■ RECORDED DATA:
━━━

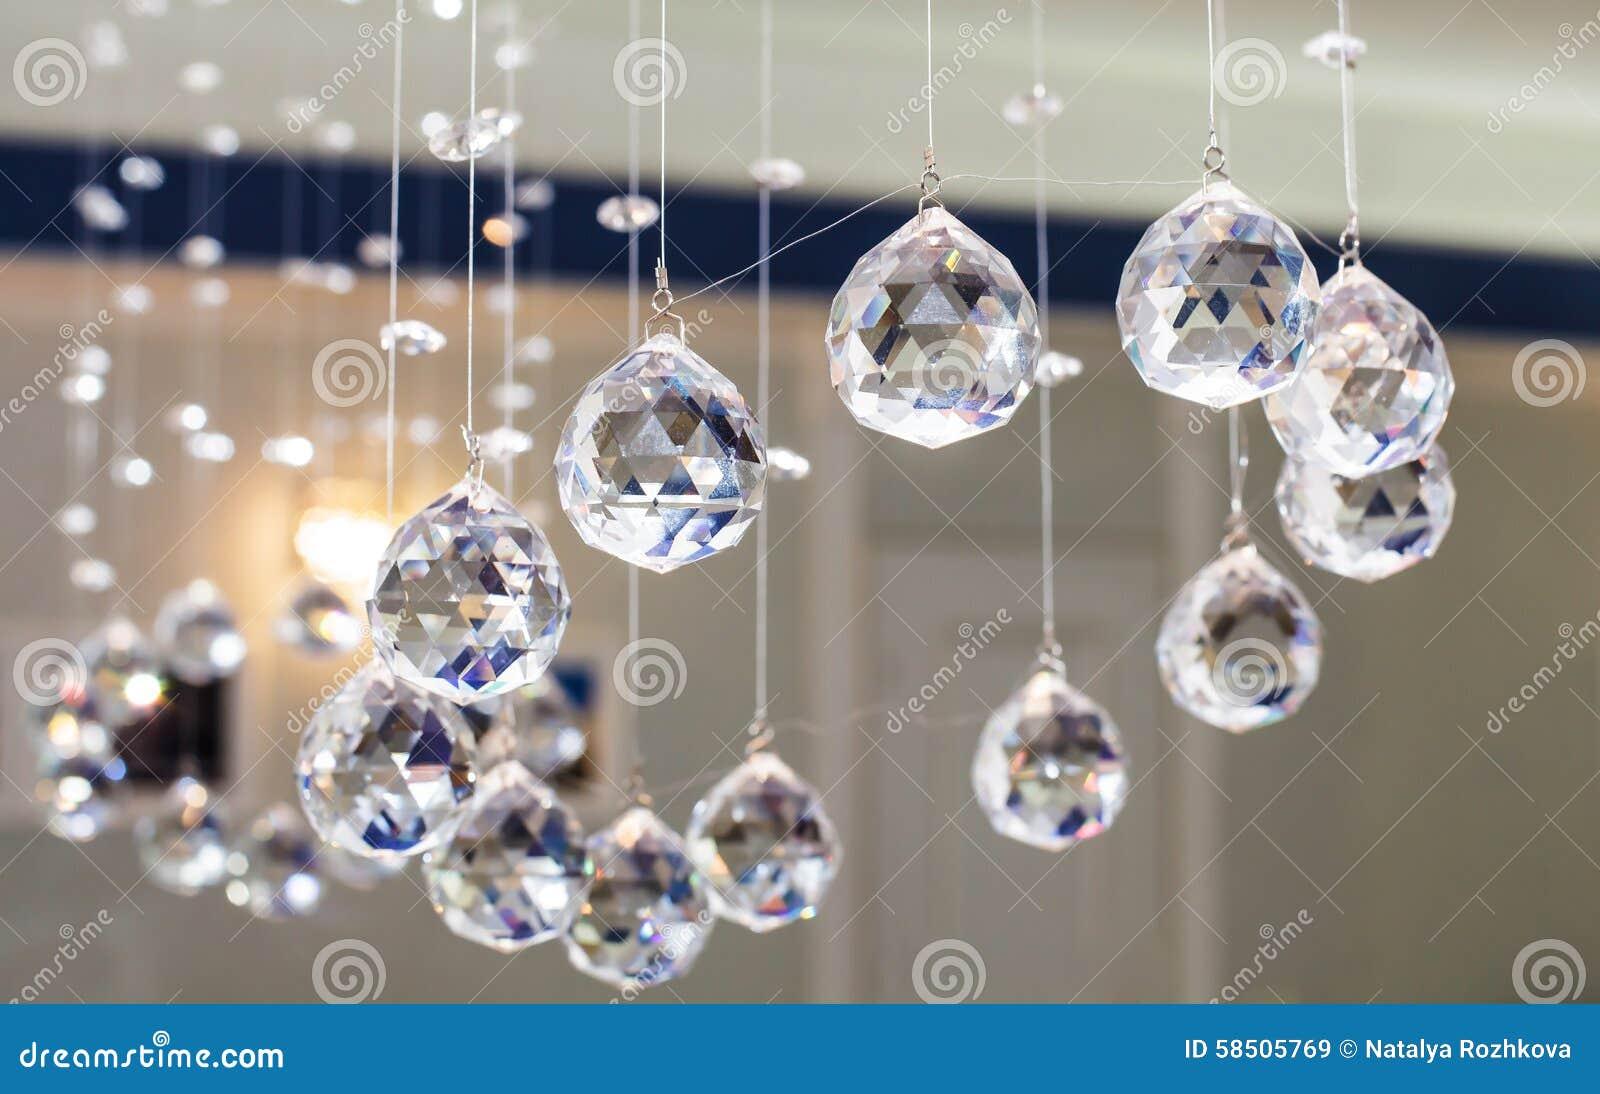 Download Balls Faceted Glass. Decorative. Stock Illustration - Illustration of christmas, balls: 58505769
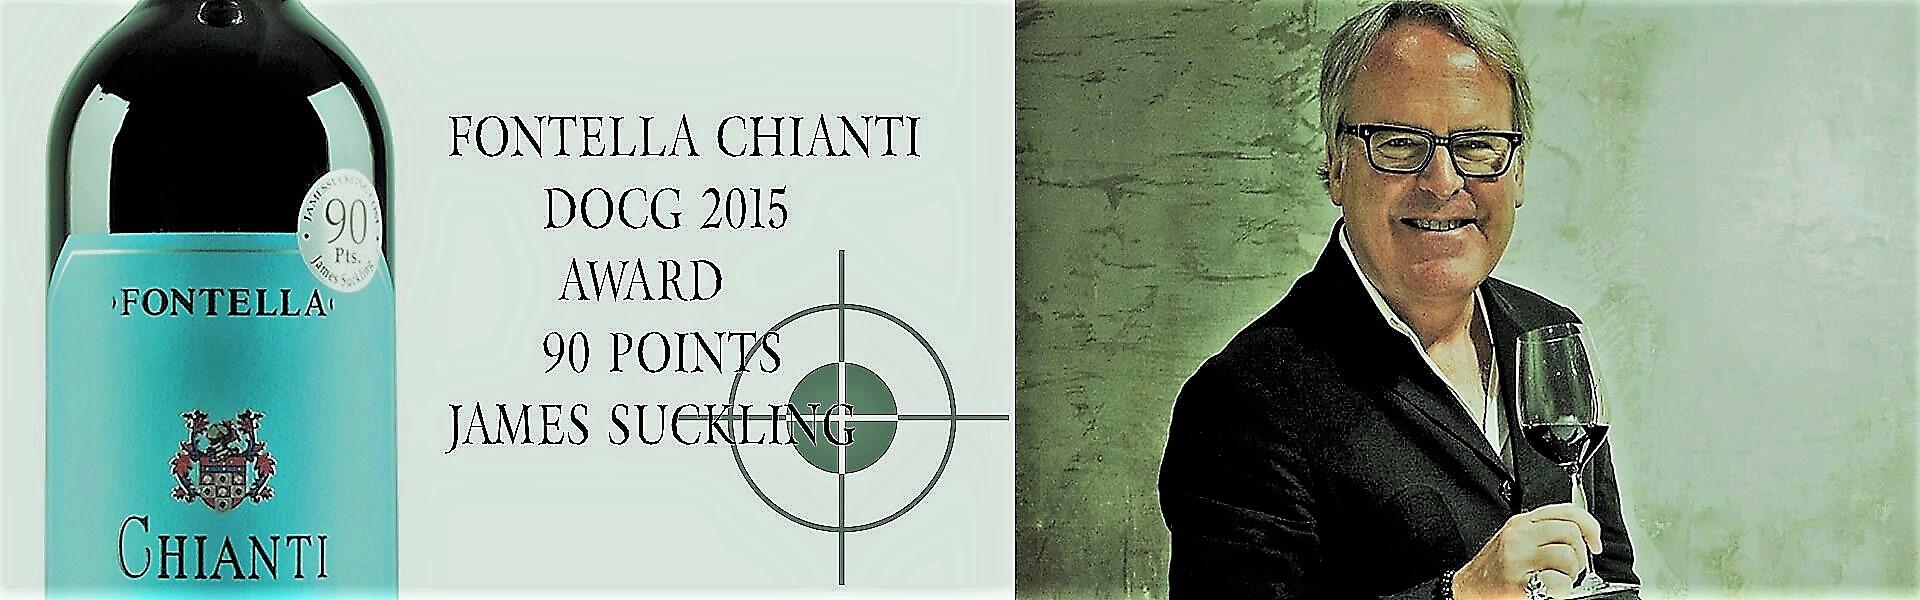 Banner Fontella Chianti
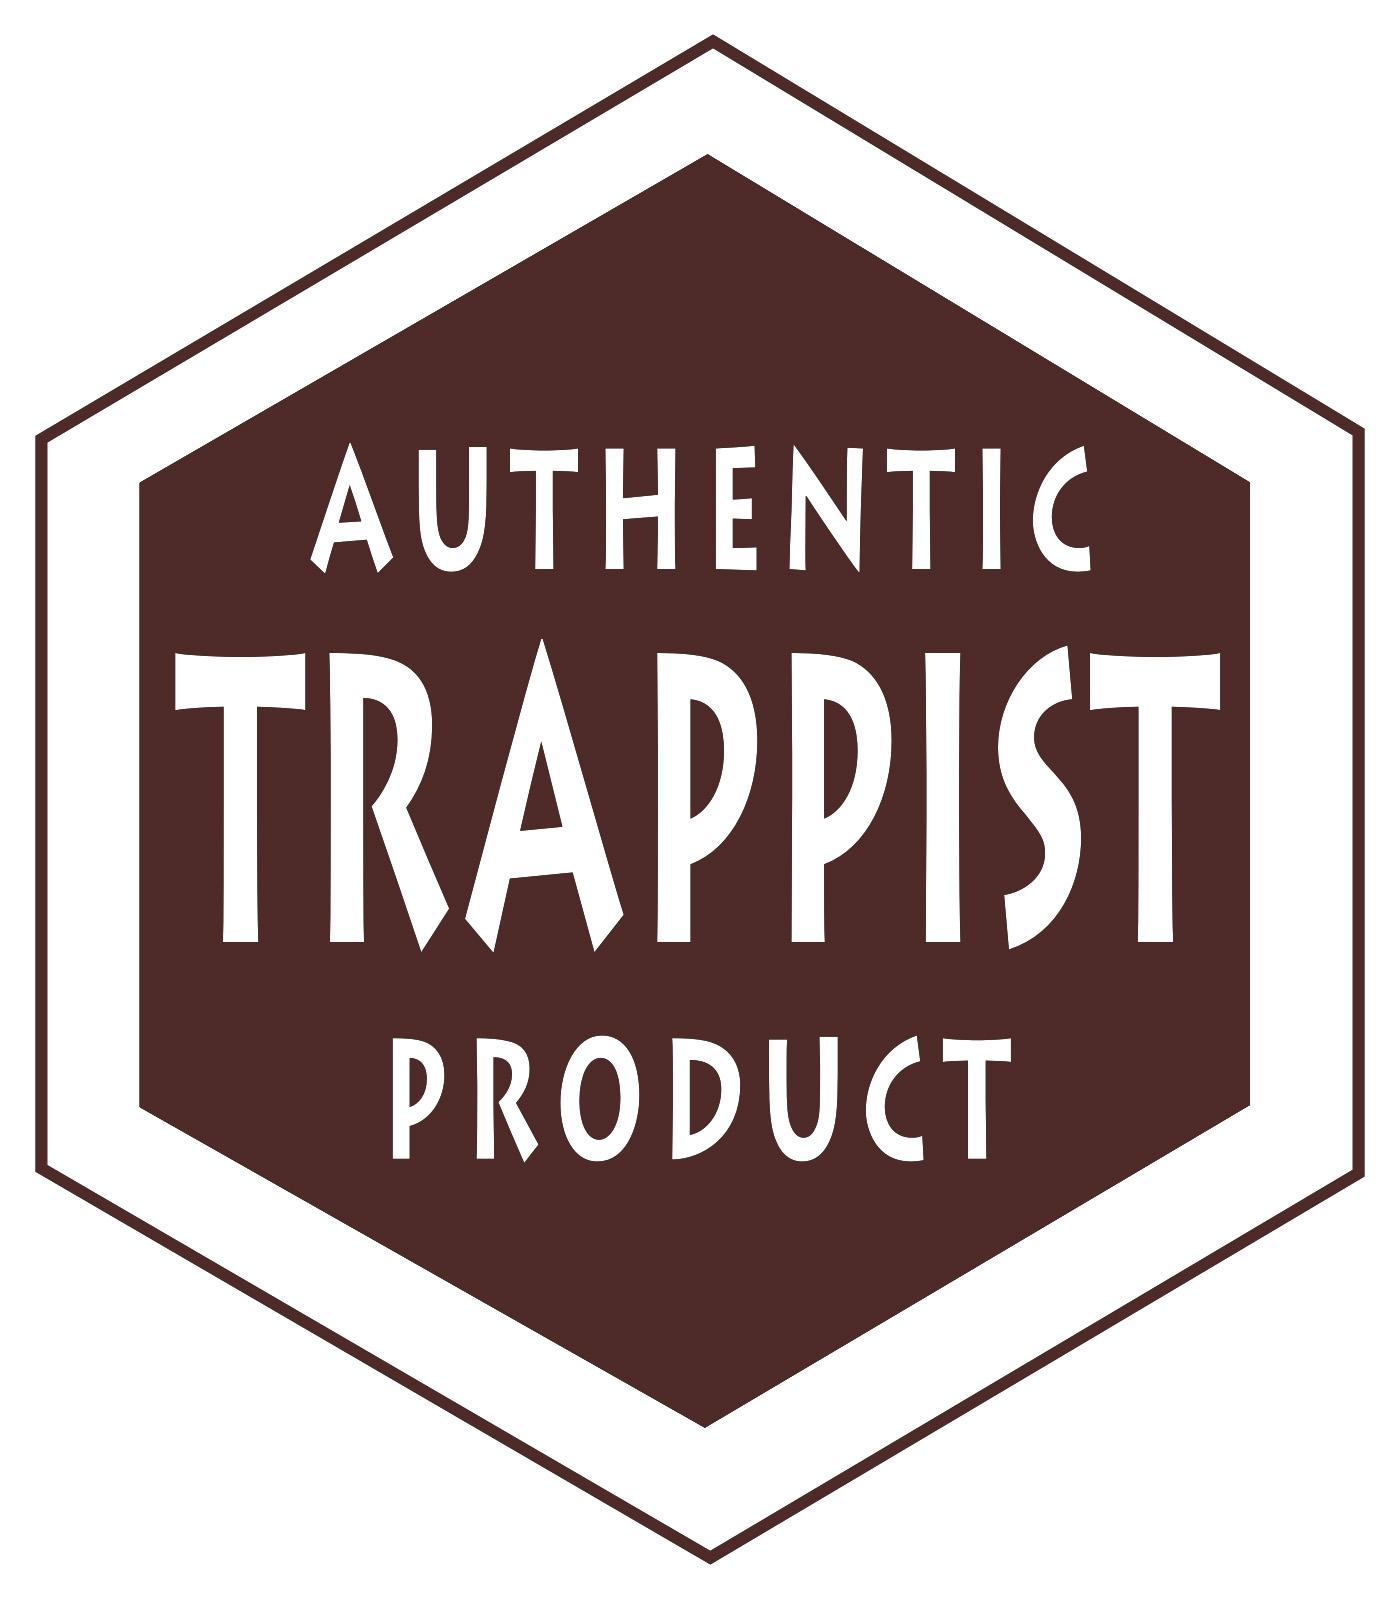 2012-08-12-trappistlogo.jpg

━━━

■ PROBLEM TO SOLVE: Skip all pictures. Then give again, exactly, each line from the line holding "Banner Fontella Chianti" through the last line of the listing above, both ends included.

■ EXERCISE RESULT:
 Banner Fontella Chianti
 2012-08-12-trappistlogo.jpg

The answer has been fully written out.